Saturday, 22 July 2017

16-Bit Xorshift Pseudorandom Numbers in Z80 Assembly

Xorshift is a simple, fast pseudorandom number generator developed by George Marsaglia. The generator combines three xorshift operations where a number is exclusive-ored with a shifted copy of itself:

/* 16-bit xorshift PRNG */

unsigned xs = 1;

unsigned xorshift( )
{
    xs ^= xs << 7;
    xs ^= xs >> 9;
    xs ^= xs << 8;
    return xs;
}

There are 60 shift triplets with the maximum period 216-1. Four triplets pass a series of lightweight randomness tests including randomly plotting various n × n matrices using the high bits, low bits, reversed bits, etc. These are: 6, 7, 13; 7, 9, 8; 7, 9, 13; 9, 7, 13.

7, 9, 8 is the most efficient when implemented in Z80, generating a number in 86 cycles. For comparison the example in C takes approx ~1200 cycles when compiled with HiSoft C v1.3.

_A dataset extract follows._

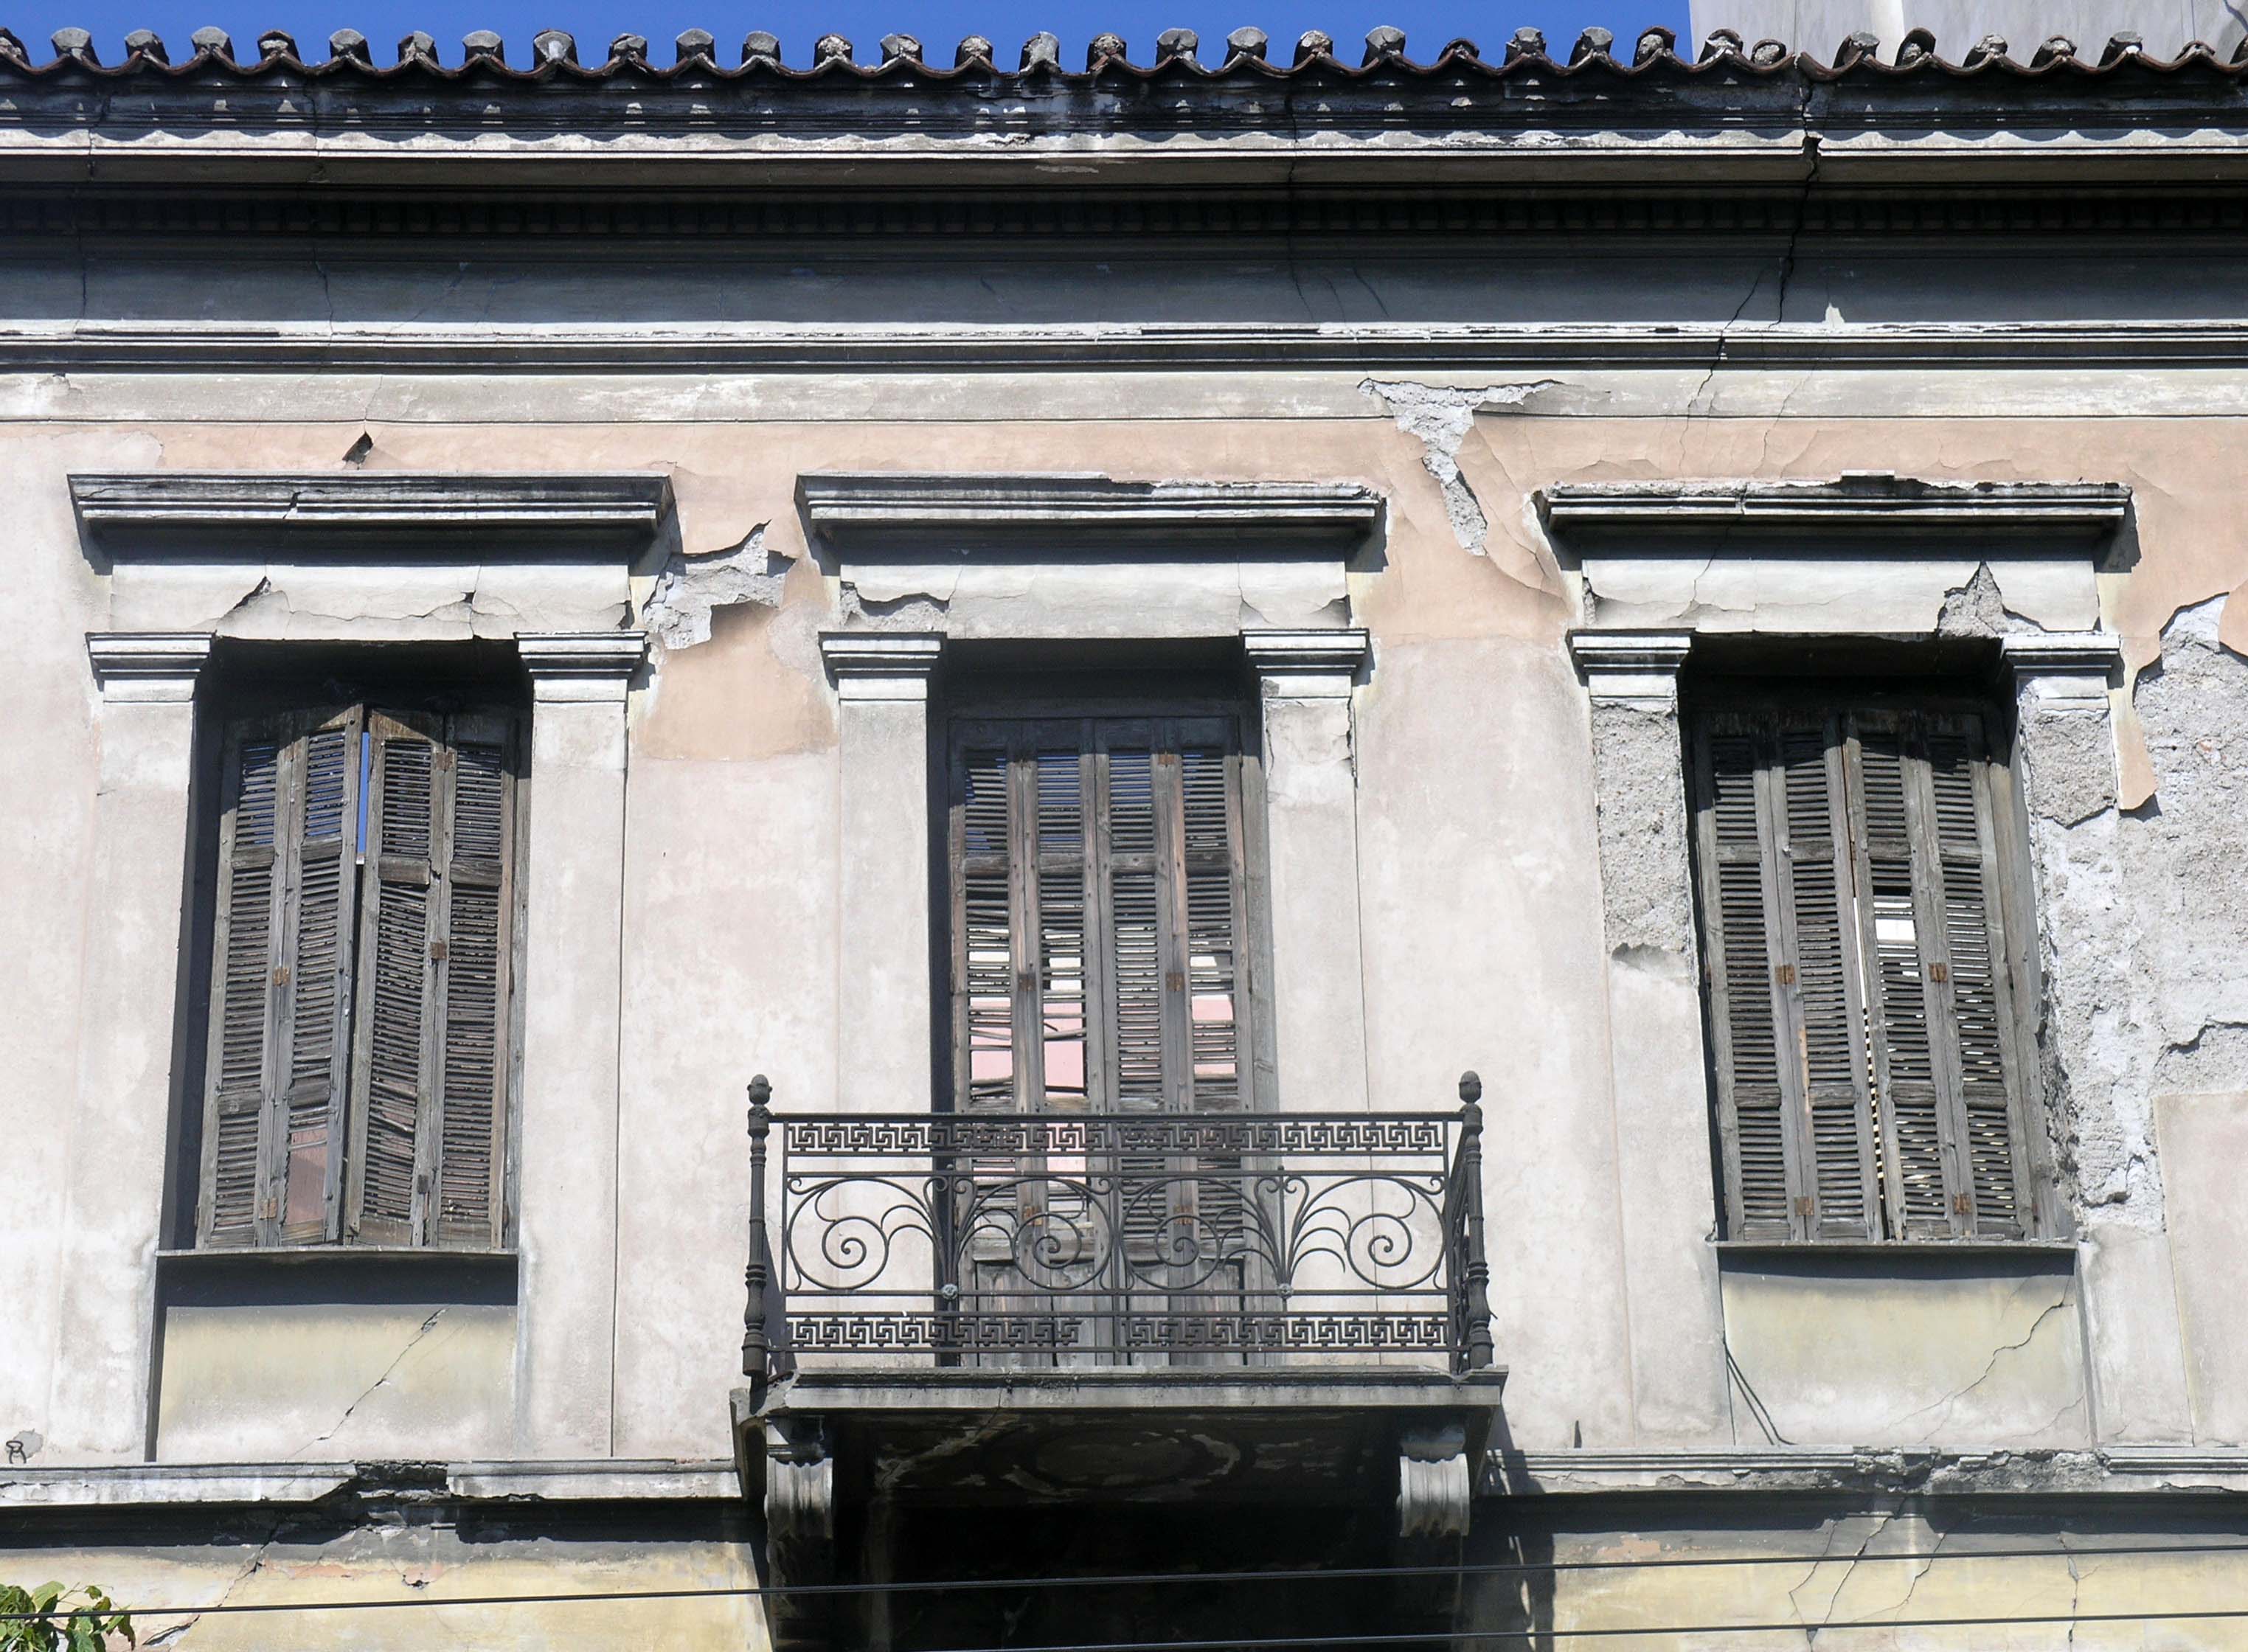 View of the windows and the balcony

; 16-bit xorshift pseudorandom number generator
; 20 bytes, 86 cycles (excluding ret)

; returns   hl = pseudorandom number
; corrupts   a

xrnd:
  ld hl,1       ; seed must not be 0

  ld a,h
  rra
  ld a,l
  rra
  xor h
  ld h,a
  ld a,l
  rra
  ld a,h
  rra
  xor l
  ld l,a
  xor h
  ld h,a

  ld (xrnd+1),hl

  ret
z80 xorshift

8 comments:

  1. Oh my gosh, my new favorite site! I tried implementing this a while back with no luck. I did however find that combining a simple 16-bit LFSR and a 16-bit LCG works well. It's not as fast (148cc), but it does pass CACert labs' testing. Not sure how to post code boxes, but:

    prng16:
    ;collab with Runer112
    ;;Output:
    ;; HL is a pseudo-random int
    ;; A and BC are also, but much weaker and smaller cycles
    ;; Preserves DE
    ;;148cc, super fast
    ;;26 bytes
    ;;period length: 4,294,901,760
    seed1=$+1
    ld hl,9999
    ld b,h
    ld c,l
    add hl,hl
    add hl,hl
    inc l
    add hl,bc
    ld (seed1),hl
    seed2=$+1
    ld hl,987
    add hl,hl
    sbc a,a
    and 101101
    xor l
    ld l,a
    ld (seed2),hl
    add hl,bc
    ret

    ReplyDelete
  2. Great stuff! I ported this to C64, 30 cycles without the RTS. I didn't need what is equivalent to the second lda a,l / rra because 6502 EOR does not touch carry:

    rng_zp_low = $02
    rng_zp_high = $03
    ; seeding
    LDA #1 ; seed, can be anything except 0
    STA rng_zp_low
    LDA #0
    STA rng_zp_high
    ...
    random
    LDA rng_zp_high
    LSR
    LDA rng_zp_low
    ROR
    EOR rng_zp_high
    STA rng_zp_high ; high part of x ^= x << 7 done
    ROR ; A has now x >> 9 and high bit comes from low byte
    EOR rng_zp_low
    STA rng_zp_low ; x ^= x >> 9 and the low part of x ^= x << 7 done
    EOR rng_zp_high
    STA rng_zp_high ; x ^= x << 8 done
    RTS

    ReplyDelete
  3. Thanks SO much for this. This is AWESOME!

    ReplyDelete
  4. The function is not correct, because the second XOR is not correctly implemented.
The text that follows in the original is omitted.